Han and co-workers [53] fabricated triple-shelled NiMn₂O₄ hollow spheres (Figure 2a,b) by using a solvothermal method and tested their ability for low-temperature NH₃-SCR reaction. As shown in Figure 2c, the prepared NiMn₂O₄ hollow spheres (NiMn₂O₄-S) showed the best catalytic activity with NO_x conversion of above 90% over a wide temperature range from 100 °C to 225 °C as compared to the NiMn₂O₄ nanoparticles (NiMn₂O₄-P).

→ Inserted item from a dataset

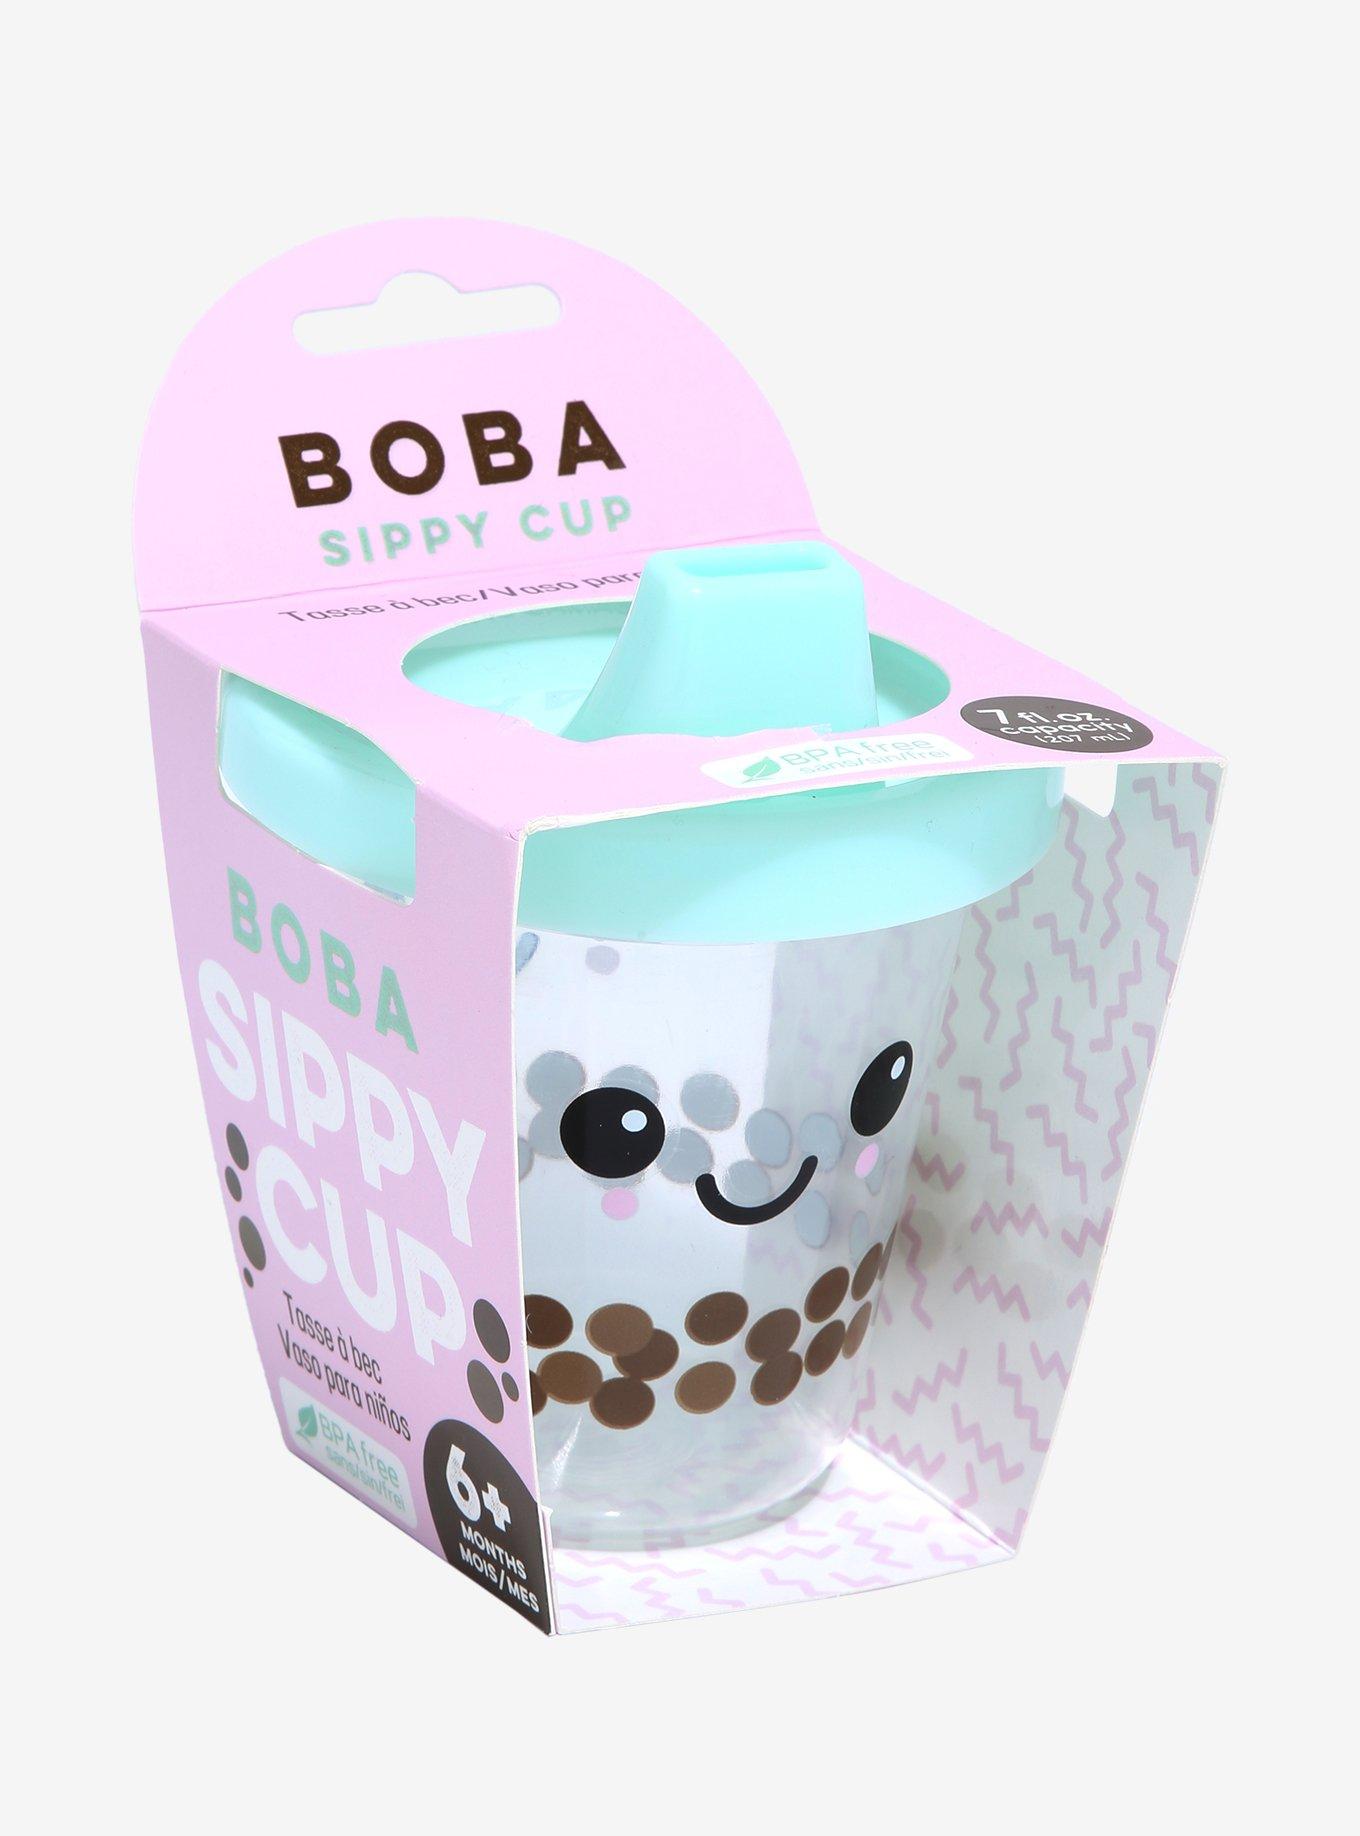 GAMAGO Boba Baby Sippy Cup - Adorably Cute Learner Sippy Cup For Babies,  Toddlers & Kids - 6+ Months…See more GAMAGO Boba Baby Sippy Cup - Adorably

The triple-layer shell structure of the NiMn₂O₄-S catalyst generates a larger surface area (165.3 m² g^‒1) that exposes more active sites (such as surface Mn⁴⁺ and surface adsorbed oxygen species), which are responsible for its superior activity. Additionally, the NiMn₂O₄-S catalyst displayed outstanding stability and good tolerance to H₂O and SO₂ (Figure 2d).

Gao et al. [54] investigated the low-temperature NH₃-SCR reaction over the hydroxyl-containing Me-Mn binary oxides (Me = Co, Ni) prepared by a combined complexation–esterification method. It was found that the NO_x conversion decreased in the order of Mn₃O₄-Co₃O₄-OH (Co-MnO_x binary oxide) > Mn₂O₃-NiMnO₃-OH (Ni-MnO_x binary oxide) > Mn₂O₃-OH, while the N₂ selectivity increased in the sequence of Mn₃O₄-Co₃O₄-OH < Mn₂O₃-OH < Mn₂O₃-NiMnO₃-OH. Although the Co and Ni elements in the catalysts delay the poisoning of SO₂ as compared to MnO_x sample, the Co-MnO_x and Ni-MnO_x binary oxides are deactivated by SO₂ over the postponement due to the formation of metal sulfate and ammonia hydrogensulfite species. In another study, Sun and co-workers [55] prepared Mn_0.66M_0.33O_x catalysts (M = Fe, Zn, Cu) and a series of Fe_αMn_1−αO_x (α = 1, 0.25, 0.33, 0.50, 0 mol%) catalysts and examined for NH₃-SCR at low-temperatures. The results demonstrated that the Fe_0.33Mn_0.66O_x catalyst displayed the superior NH₃-SCR activity (NO_x removal efficiency > 90%) in a wide temperature range (75–225 °C) among the Cu_0.33Mn_0.66O_x, Zn_0.33Mn_0.66O_x, and Fe_αMn_1−αO_x (α = 1, 0.25, 0.50, 0 mol%) catalysts. The authors proposed that the distortion of the catalyst structure by Fe doping could play a key role in improving the NH₃-SCR performance over the Fe_0.33Mn_0.66O_x catalyst.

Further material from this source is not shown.